A bid by Germany's upper house of parliament to ban the NPD neo-Nazi party appeared on increasingly shaky ground on Monday after junior coalition partners the Free Democrats (FDP) came out against the move.

Bid to ban neo-Nazi party flounders as FDP baulks
Photo: DPA

“We cannot agree to an application to ban [the party],” said FDP leader Philipp Rösler on Monday and added that his liberal-leaning party had always been against a ban. “You can’t put a ban on stupidity,” he said.

His words drew sharp criticism from the Central Council of Jews in Germany, which accused Rösler of downplaying the danger from the far-right National Democratic Party (NPD).

“It’s a disastrous and wrong move on the part of the FDP,” president of the council Dieter Graumann told the Handelsblatt newspaper on Monday.

A potential ban on the party was about preventing tax money going to finance “hate,” said Graumann and said that with their “signal of political indecision” the FDP had put a de facto block on the ban.

The last attempt in 2003 by the then government to outlaw the NPD failed after legal complications arose from the presence of state intelligence agents in the party ranks.

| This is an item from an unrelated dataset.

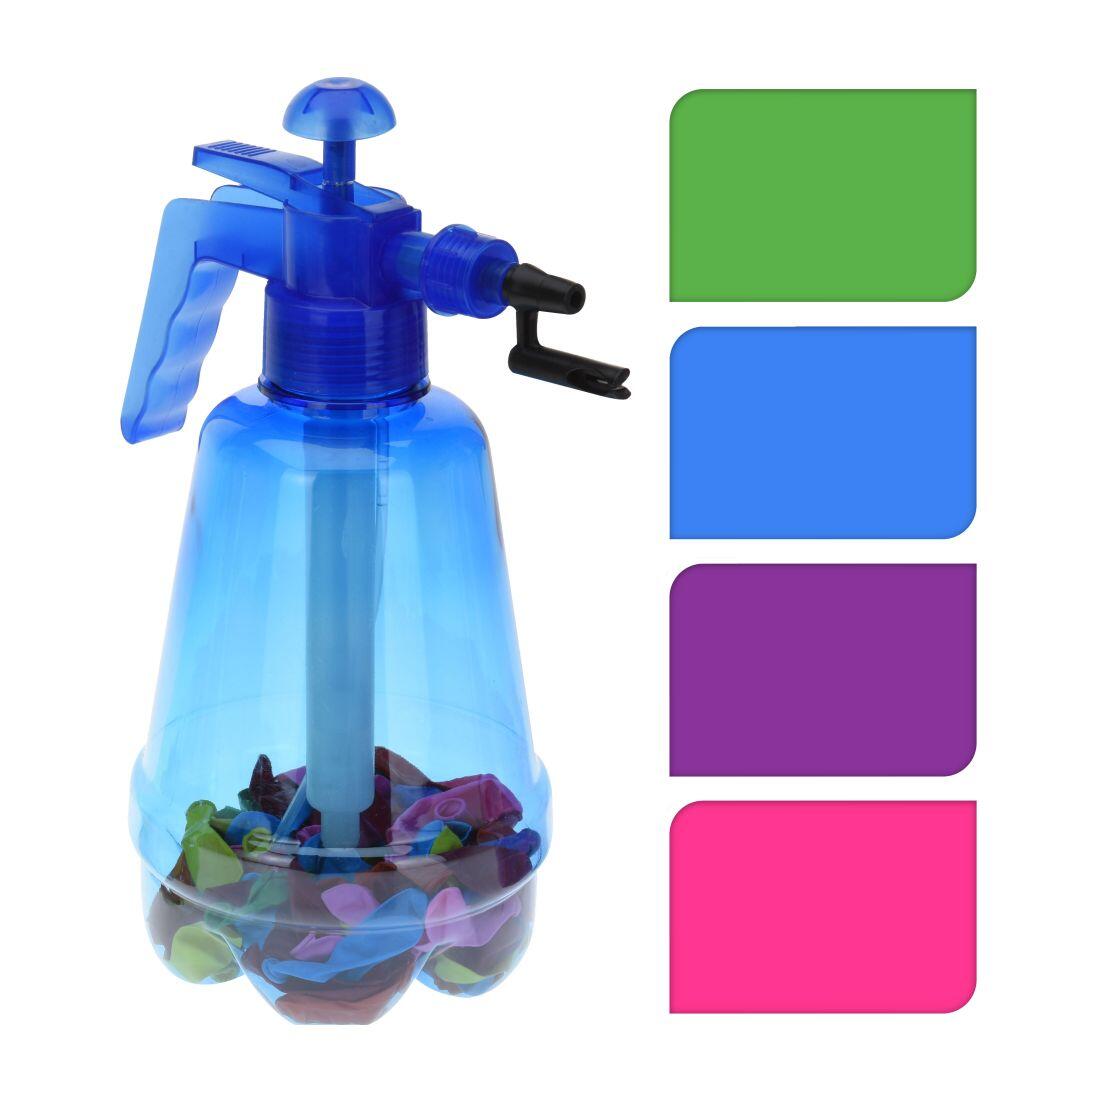 pumpička na vodní bomby 1,7l + balonky (100ks) mix barev 0.2 Kg MAXMIX Sklad14 385997 74

This latest anti-NPD initiative originated in the Bundesrat upper house of parliament last year, prompted by the discovery in November 2011 of a far-right terrorist cell believed to be behind a murder spree stretching back seven years, in which most of the 10 victims were immigrant shopkeepers.

Last December representatives from Germany’s 16 states voted unanimously, bar one abstention, to ask the country’s highest constitutional court to ban the party on the grounds that it sought to undermine the national constitution.

Yet high-ranking politicians including Chancellor Angela Merkel and Interior Minister Hans-Peter Friedrich have raised doubts about whether a ban would hold up in court.

All five of Chancellor Merkel’s FDP cabinet ministers, including Economics Minister Rösler, said they would not support the ban on Monday, meaning the governing coalition as a whole was now unlikely to back the legally contentious move.

Merkel has said she would be seeking a unanimous decision within her cabinet when it met to discuss the ban on Wednesday.

The lower house of parliament, the Bundestag, has also not yet indicated whether it will support the states’ initiative, but without government backing, the attempt to ban the fringe neo-Nazi party could find itself on much shakier legal ground.